A common use case for Regex is when it’s used to replace something with something else.

There’s more than one method in Go you could be using but one you could use is ReplaceAllString() that sits on the compiled RegEx object:

r := regexp.MustCompile(`aa`)
 s := r.ReplaceAllString("aabbcc", "cc") // s = ccbbcc

The above replaces all occurrences of aa with cc on the string aabbcc.

You can also use capture groups and replace a captured group with a string. Here’s an example:

r := regexp.MustCompile(`(\d)`)
 s := r.ReplaceAllString("productid:114", "0${1}") // s = productid:0114

in the above case, we replace 114 with itself but we also prepend it with a 0.

Use case, replace XML Nodes

Imagine you are working with XML for example and want to rename all nodes with a certain name.

Here’s your XML

<books>
    <book>
      <author>Shakespeare</author>
      <title>Romeo and Juliet</title>
      <pages>400</pages>
      <type>paperback</type>
      <cost>17</cost>
    </book>
    <book>
      <author>Shakespeare</author>
      <title>Hamlet</title>
      <pages>270</pages>
      <type>paperback</type>
      <cost>15</cost>
    </book>
</books>

Imagine title should be replaced by name, how do we do that?

Well, it would be straight forward to replace title by name. Let’s say we have this file content though:

<books>
    <book>
      <author>Shakespeare</author>
      <title>The title is Romeo and Juliet</title>
      <pages>400</pages>
      <type>paperback</type>
      <cost>17</cost>
    </book>

</books>

Then we would not only rename the element title to name but also the content would be replaced o “The title is Romeo and Juliet”, that’s NOT what we want.

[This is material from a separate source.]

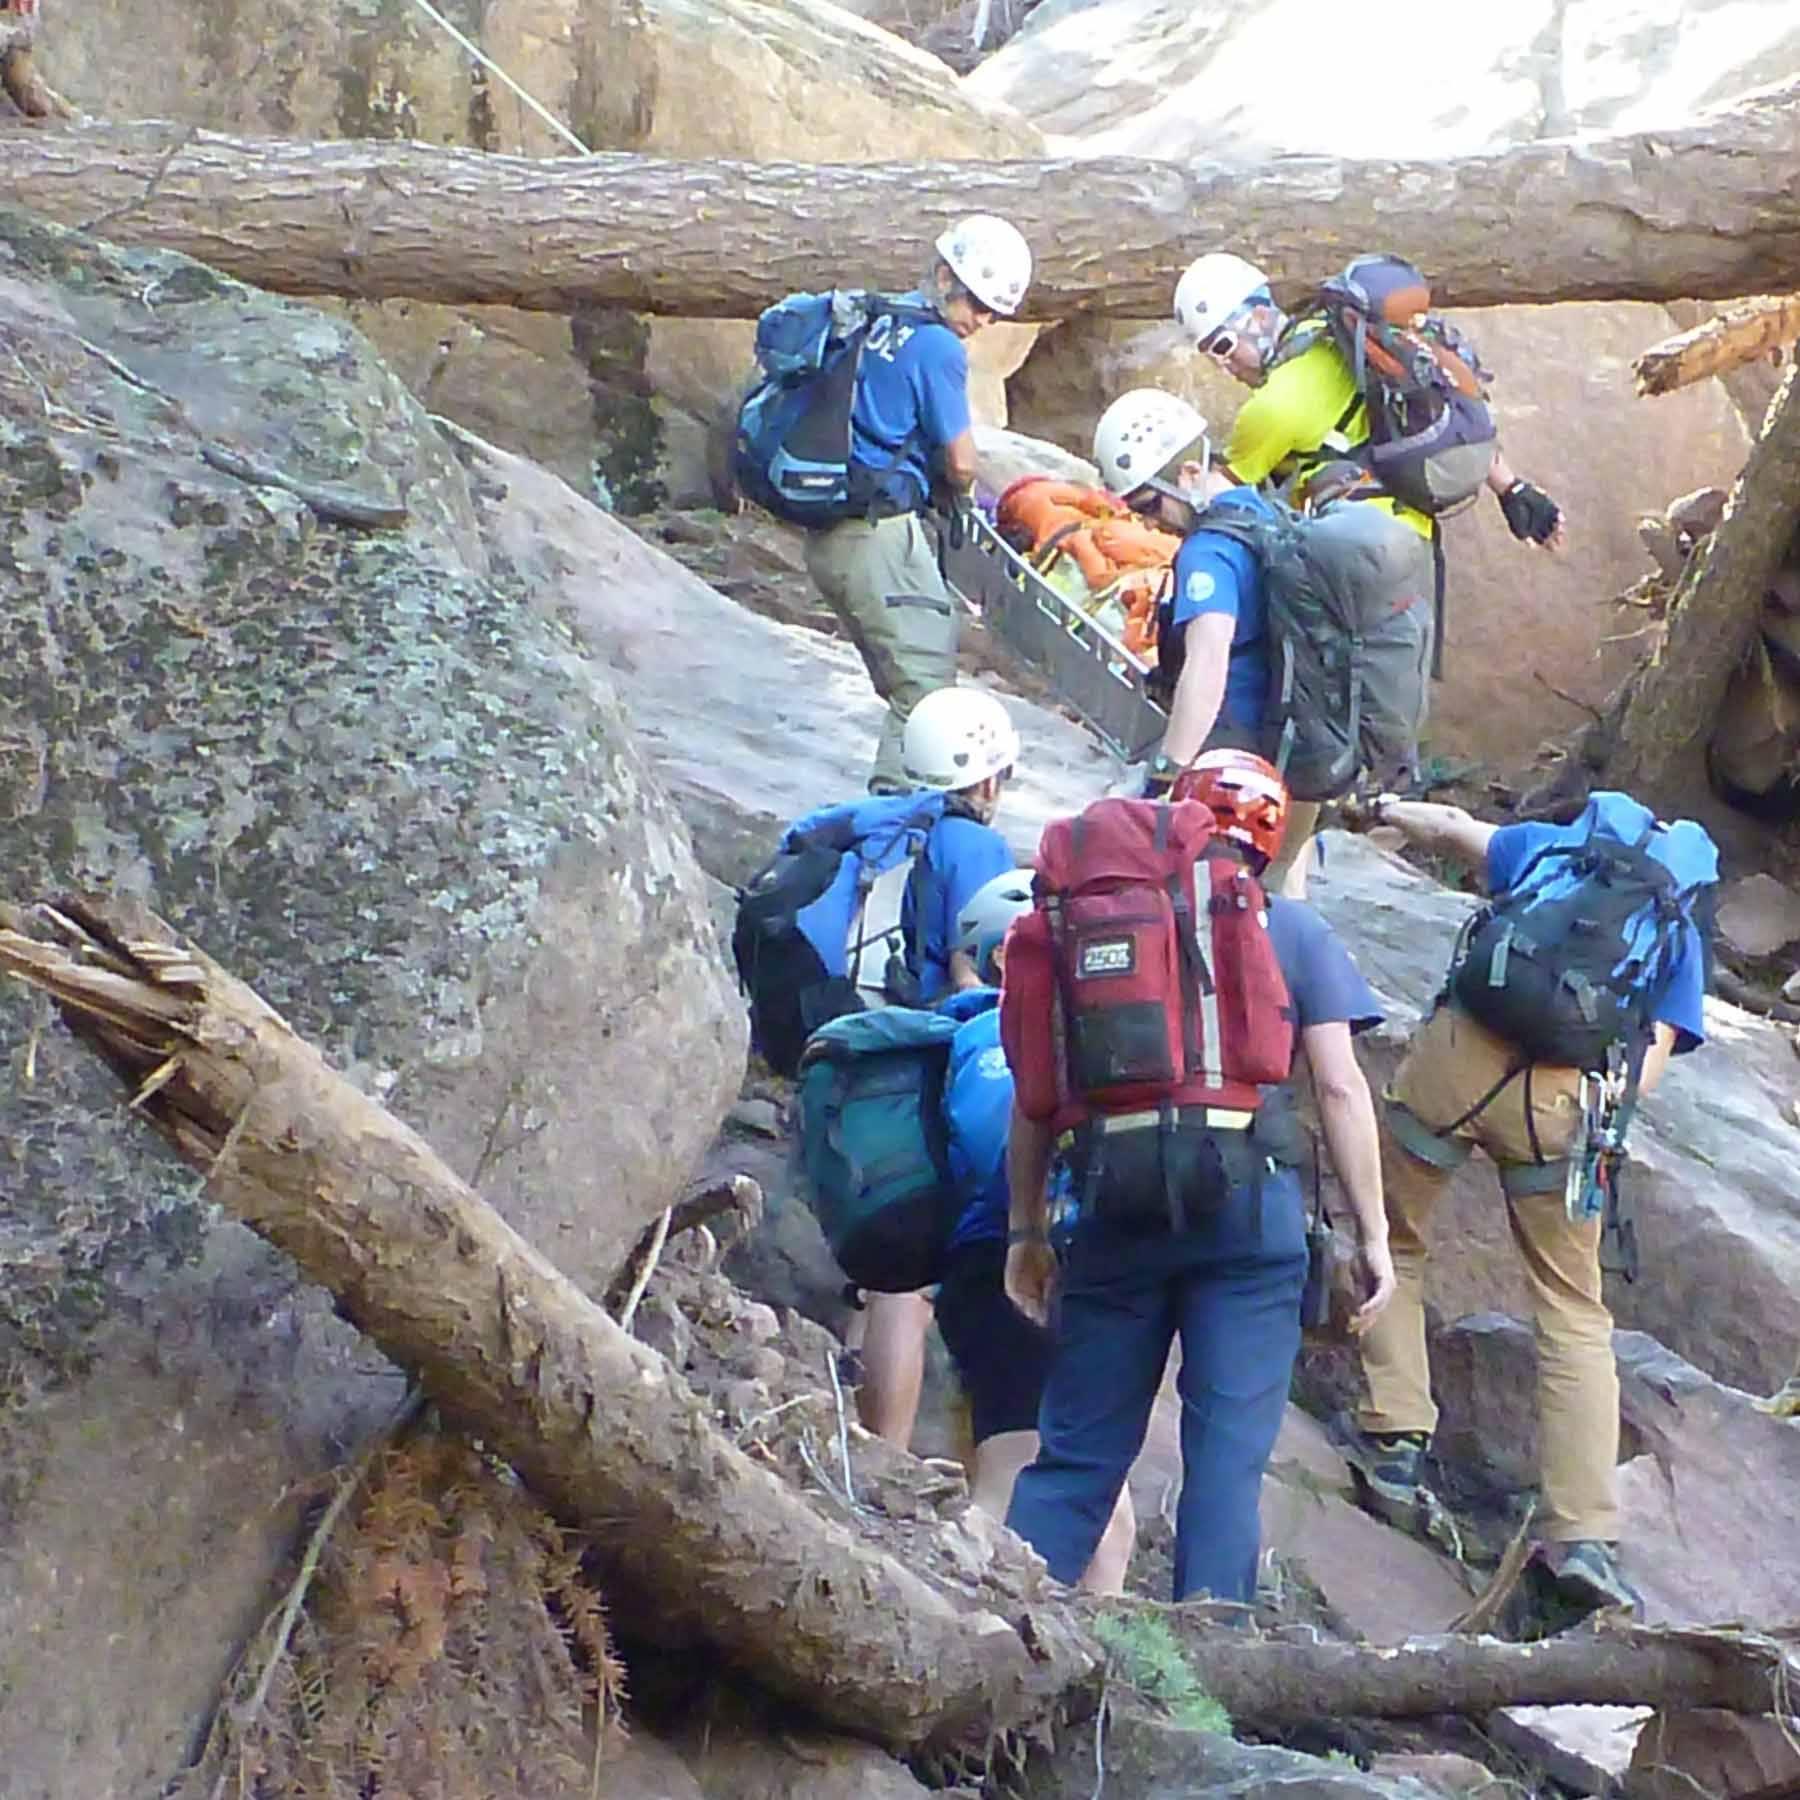 RMRG members conduct a litter evacuation down rugged, flood eroded terrain below the eastface of Boulder's2nd Flatiron.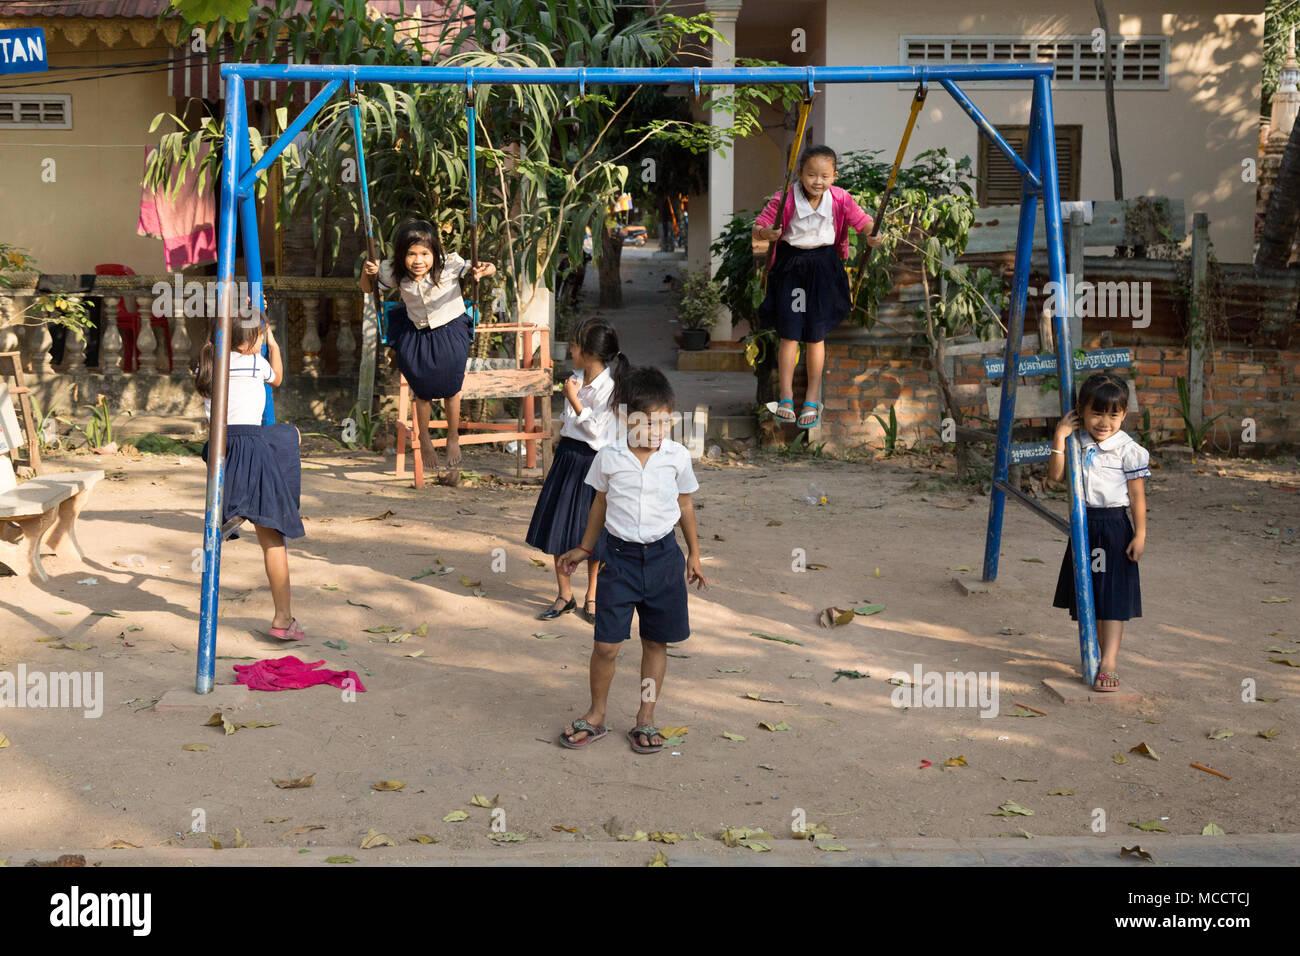 Asian schoolchildren - Cambodian primary school children in school playground, Siem Reap, Cambodia, Asia Stock Photo

We need to restrict the replace operation to only target element, like so:

\<\/?(title)\>

The above would match for example <title> and </title>. If we try this however on this XML, we almost get what we want:

<author>Shakespeare</author>

becomes

nameShakespearename

What happened, why did we loose <> ? We need a way to express keeping what was there before AND replace the name. A way to do that is to express capture groups on <> and the element name, like so:

(\<\/?)(title)(\>)

Now we have three groups, we need to fit the result together, and this is something we can express like so:

${1}name${3}

• ${1} corresponds to capture group matching < or </
• name is the string we replace title with.
• {3} corresponds to capture group matching >.

Assignment - replace content

Take the file books.xml containing:

<books>
    <book>
      <author>Shakespeare</author>
      <title>Romeo and Juliet</title>
      <pages>400</pages>
      <type>paperback</type>
      <cost>17</cost>
    </book>
    <book>
      <author>Shakespeare</author>
      <title>Hamlet</title>
      <pages>270</pages>
      <type>paperback</type>
      <cost>15</cost>
    </book>
</books>

and replace:

• author with name
• cost with price

TIP: you might need to apply the replace twice.

Solution II

package main

import (
 "fmt"
 "regexp"
)

func main() {
 file := `<books>
    <book>
      <author>Shakespeare</author>
      <title>Romeo and Juliet</title>
      <pages>400</pages>
      <type>paperback</type>
      <cost>17</cost>
    </book>
    <book>
      <author>Shakespeare</author>
      <title>Hamlet</title>
      <pages>270</pages>
      <type>paperback</type>
      <cost>15</cost>
    </book>
</books>`

 r := regexp.MustCompile(`(\<\/?)(title)(\>)`)
 s := r.ReplaceAllString(file, "${1}name${3}")
 fmt.Println(s)

 r = regexp.MustCompile(`(\<\/?)(cost)(\>)`)
 s = r.ReplaceAllString(s, "${1}price${3}")
 fmt.Println(s)
}